Depending on how much you have to do roofing nails can work.


----------



## joecaption (Nov 30, 2011)

http://www.cpobostitch.com/factory-...1-r,default,pd.html?start=8&q=Siding nail gun


----------



## JtProCaddie (Aug 17, 2012)

joecaption said:


> That's your problum you listened to someone at a box store, If they knew what they were doing they would not be working there.
> 
> No small head, form of nail is ever going to work.
> Depending on how much you have to do roofing nails can work.


Agreed I guess I Will go ahead and buy the framing nailer that shoots Shoots full-head nails 2" to 3-1/2" long - a little more expensive but still cheaper than the actual siding nailer.
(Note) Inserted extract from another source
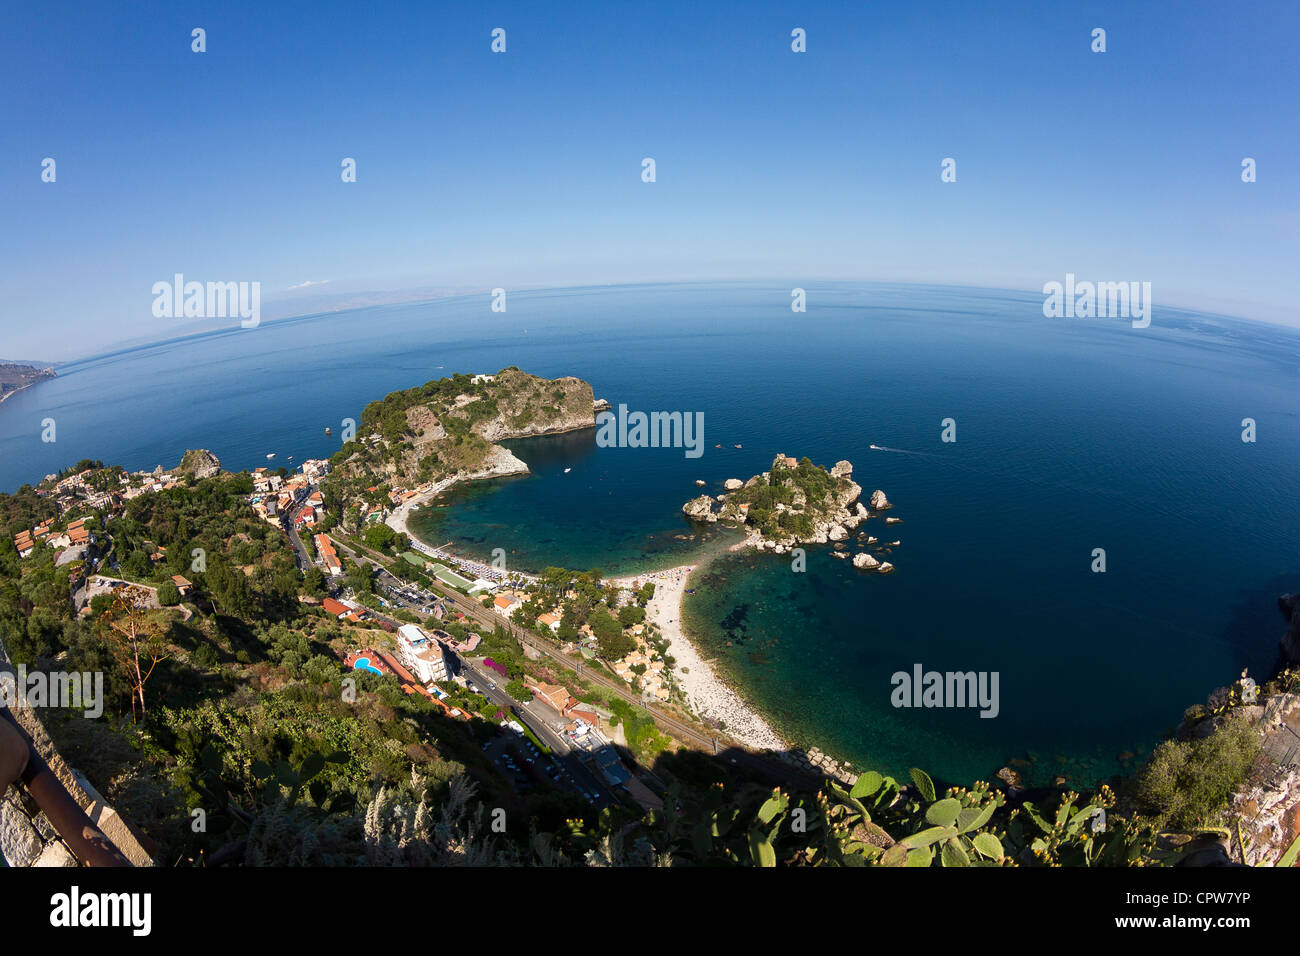 Isola bella, a small island near Taormina, Sicily Stock Photo

And will use it for other projects as well

THanks


----------



## DannyT (Mar 23, 2011)

how much is it to rent one?


----------



## joecaption (Nov 30, 2011)

I tryed using a framing nailer and it did not work for me. Nails just bent and it shatered the materail because the nail gauge is to big I guess. 
I tryed a Pas Load and a Porta Cable air powered and both would not do it.

Go on the James Hardee web site and see what they suggest, that's what I did before buying my siding gun.


----------



## hand drive (Apr 21, 2012)

2 3/8" ring shank nails for the framing gun should work just fine. Set the air pressure and nail depth adjustment on the nail gun so that it does not sink the nail head past the face of the siding. If the nail does not fully set give it a tap with the hammer, that is better than setting them to deep. 

the siding gun is way better though for hardie type siding and as Joe mentioned the framing gun will blow nails out more easily because of the nail shank diameter and resistance of the cement siding. the nail heads for the siding gun are much smaller and work better for exposed nail application too. 

for either nail gun you want to use ring shank nails for the best hold.


----------



## JtProCaddie (Aug 17, 2012)

hand drive said:


> 2 3/8" ring shank nails for the framing gun should work just fine. Set the air pressure and nail depth adjustment on the nail gun so that it does not sink the nail head past the face of the siding. If the nail does not fully set give it a tap with the hammer, that is better than setting them to deep.
> 
> the siding gun is way better though for hardie type siding and as Joe mentioned the framing gun will blow nails out more easily because of the nail shank diameter and resistance of the cement siding. the nail heads for the siding gun are much smaller and work better for exposed nail application too.
> 
> for either nail gun you want to use ring shank nails for the best hold.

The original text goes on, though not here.